Gates also said: “Evolution is smart. It is one-upping us by creating mosquitoes that are harder to kill. In sub-Saharan Africa and parts of South America and Southeast Asia, we are seeing an alarming number of mosquitoes that can withstand insecticides. This is especially problematic for the fight against mosquito-borne diseases like malaria. To eradicate these diseases, we need new tools to complement the ones we already have.

“The promise of gene editing is that, instead of killing a bunch of mosquitoes indiscriminately, we could eliminate only the dangerous ones in a particular area. That would buy us time to cure all the people there of malaria. Then we could let the mosquito population return without the parasite,” he added.

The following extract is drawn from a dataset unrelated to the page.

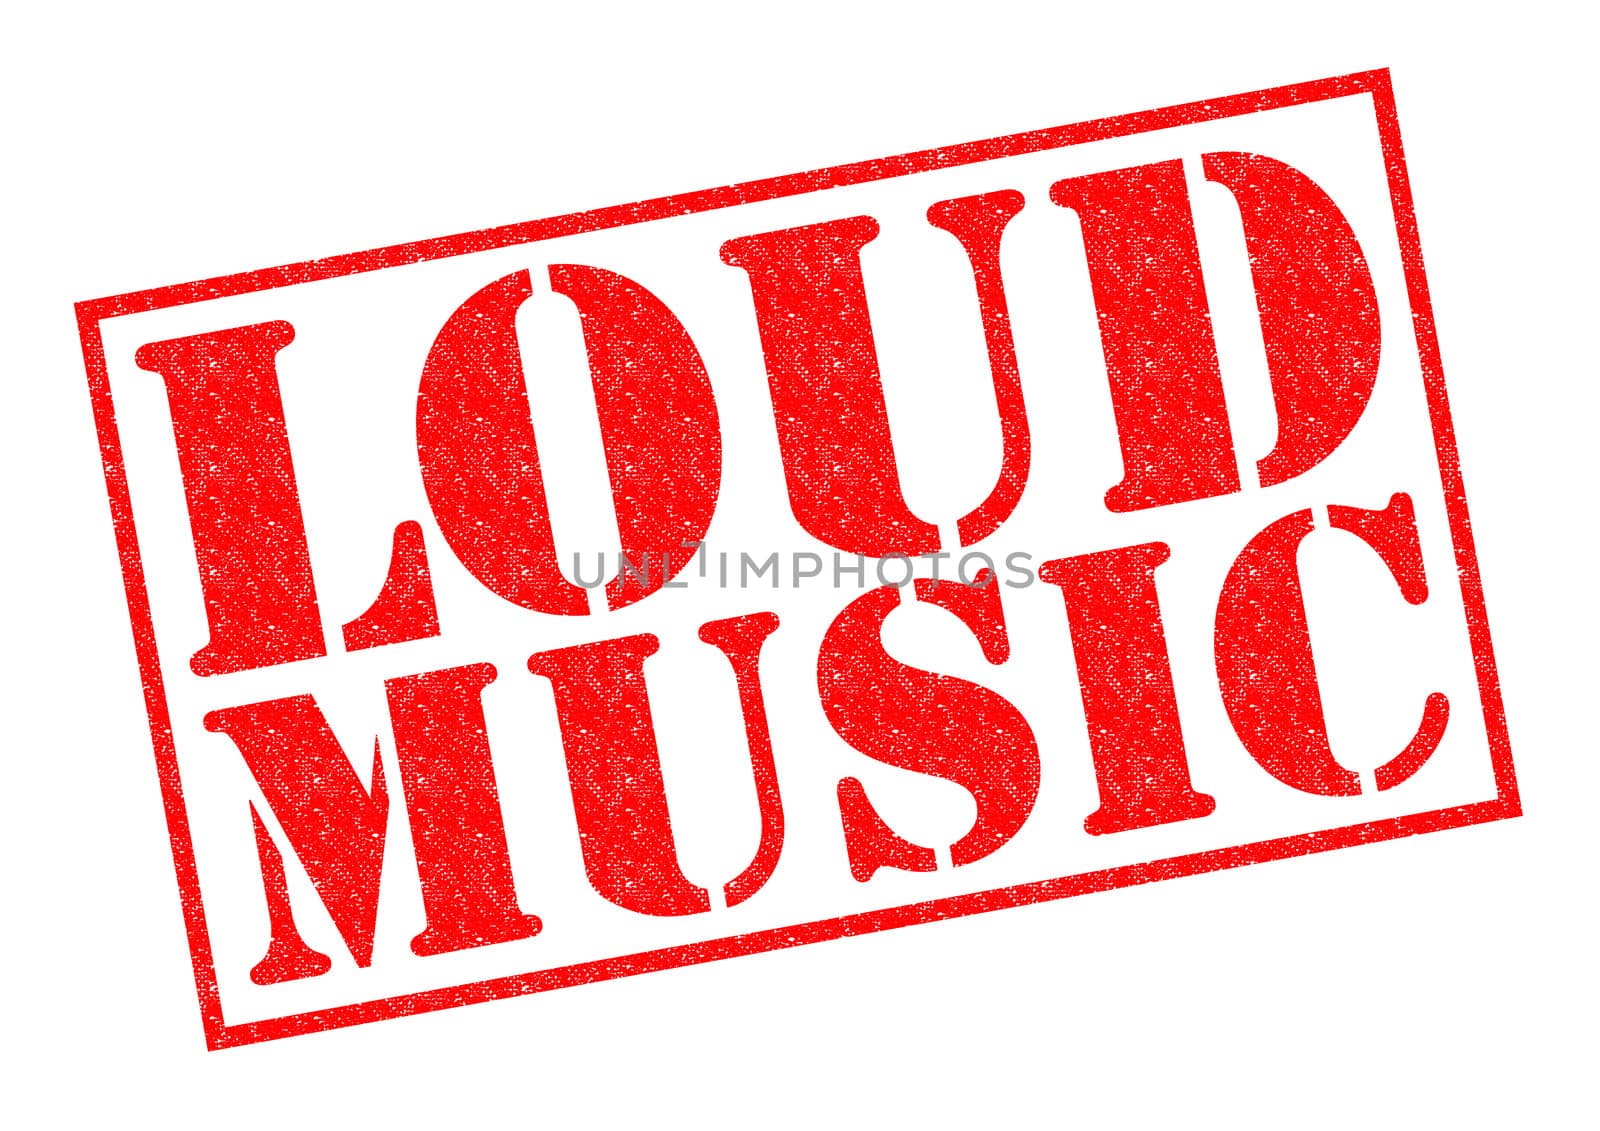 LOUD MUSIC red Rubber Stamp over a white background.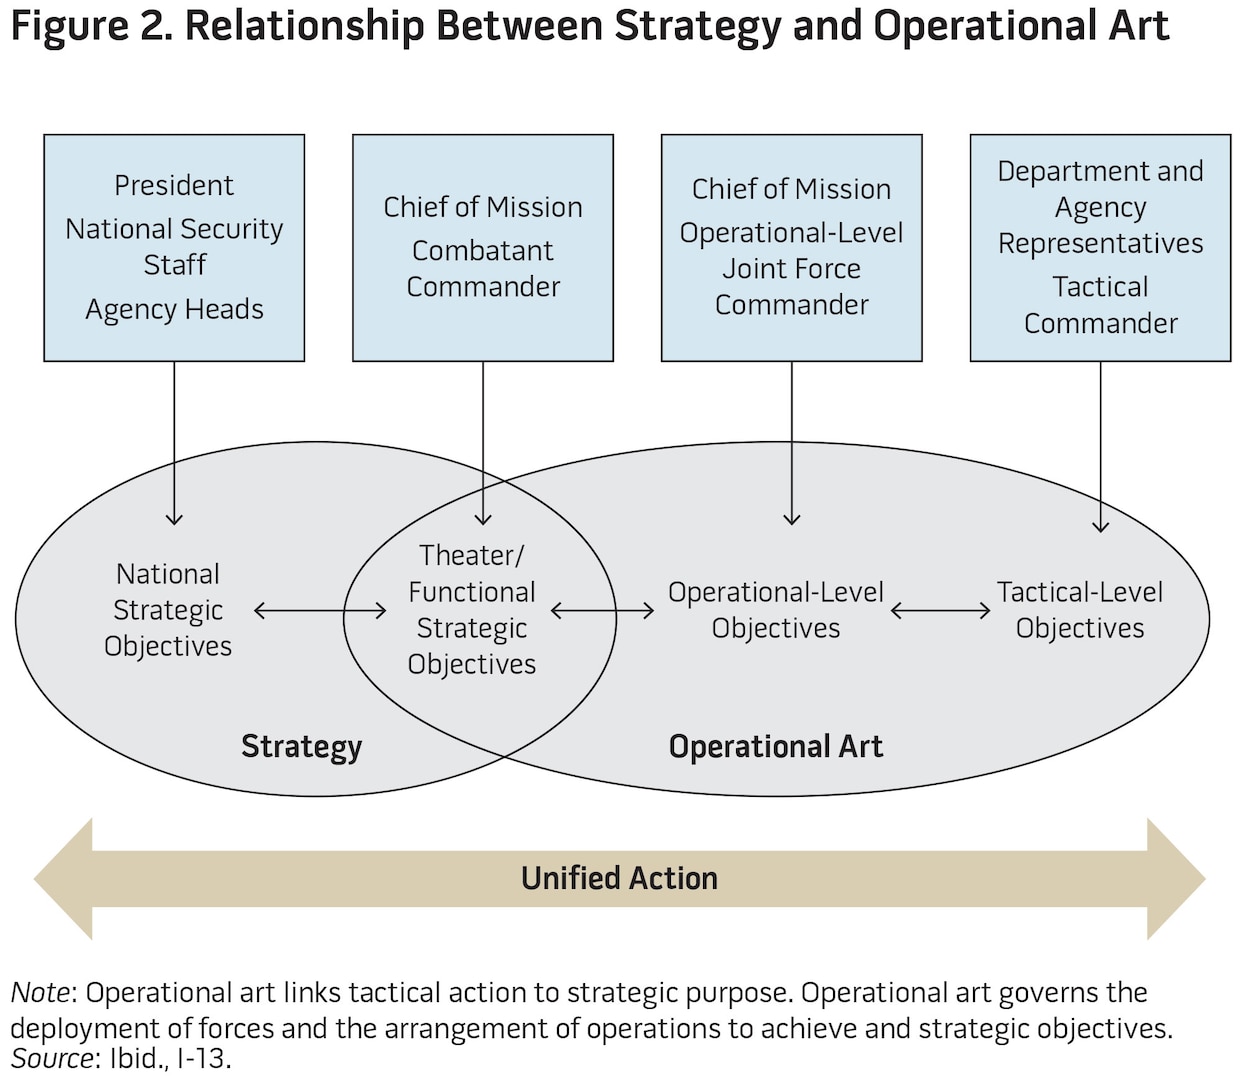 Figure 2. Relationship Between Strategy and Operational Art

Gates also went into some detail about how this gene editing would work. Called the CRISPR (Clustered Regularly Interspaced Short Palindromic Repeats) method, it helps in modifying the genetic material of organisms.

He explained: “One exciting gene-editing technique is called gene drive. The term covers several different approaches, but the basic idea is to use the CRISPR method to rewrite the usual rules of inheritance. Normally, for any given gene, there’s a 50 percent chance that a parent with that gene will pass it on to a child. It is competing with one from the other parent, and only one of the two can win.

“With gene drive, the odds go up to 100 percent,” he revealed. “You give a few mosquitoes an edited gene that inserts—or drives—itself into all their offspring. When those mosquitoes mate with wild mosquitoes, all their children will have the edited gene, and over time it will make its way through the entire population. Imagine if blue-eyed mosquitoes had only blue-eyed children, no matter what colour their partners’ eyes were. Eventually, every mosquito in that population would have blue eyes.”